Hi mente oscura and lfdahl,

Thank you for the solution and for participating in my challenge thread!:) As I have mentioned before, $5$ is the correct answer, bravo!;)

I found an interesting article "When does a sum of positive integers equal their product?" by Michael W. Ecker (Math. Mag. 75 (2002) 41–47 – you can find it online if you have access to JSTOR). It gives the answer to the problem in this thread, and much more besides.


Sample result: Given a positive integer $v$, the equation $v = x_1 +x_2 + \ldots + x_n = x_1x_2\cdots x_n$ (with $n>1$) has a solution if and only if $v$ is not prime.

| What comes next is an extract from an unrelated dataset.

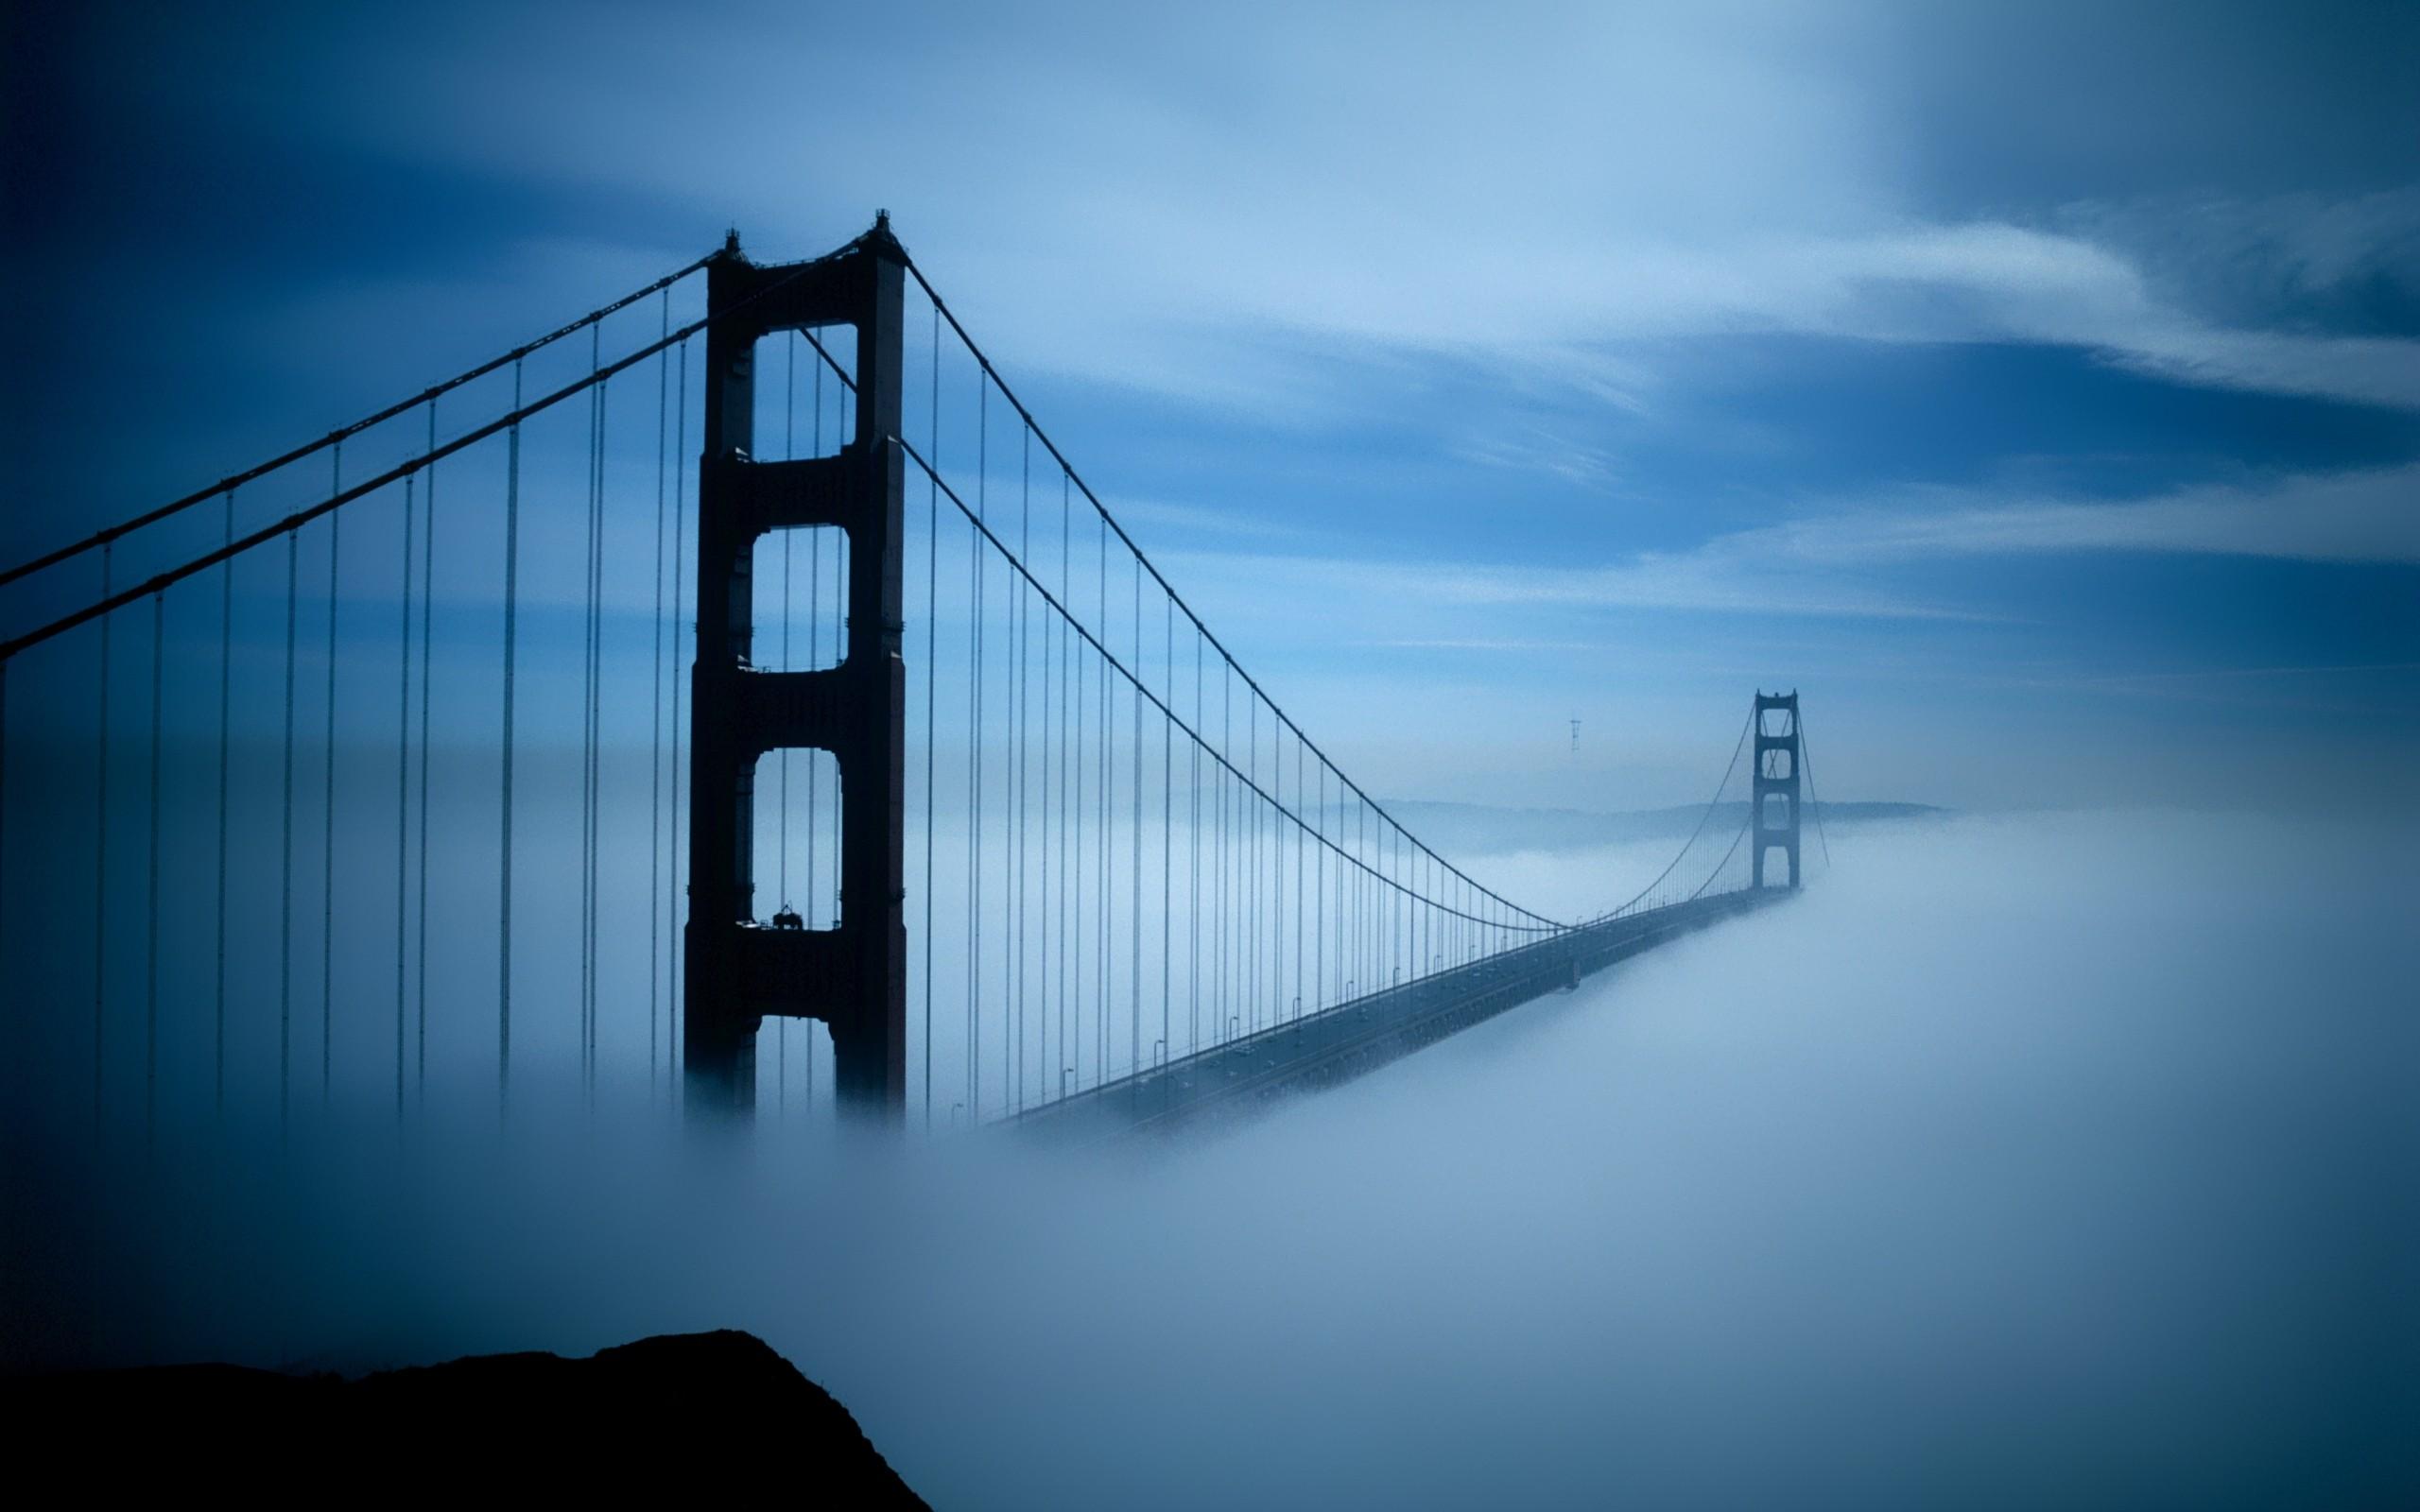 Puente sobre las nubes - 2560x1600

The proof is easy enough that readers of this subforum ought to be able to find it for themselves. (Wait)

Thanks, Opalg for your reply and sharing with us what you've found.

Solution(Suggested by other):

Spoiler

Suppose $t \ge s \ge r \ge q \ge p$.

We need to find the maximum of $t$.

Since $t<p+q+r+s+t \le 5t$, then $t<pqrst \le 5t$, i.e. $1<pqrs \le 5$.

Hence, $(p,\,q,\,r,\,s)=(1,\,1,\,1,\,2),\,(1,\,1,\,1,\,3),\,(1,\,1,\,1,\,4),\,(1,\,1,\,2,\,2),\,(1,\,1,\,1,\,5)$ which leads to maximum $t$ of 5.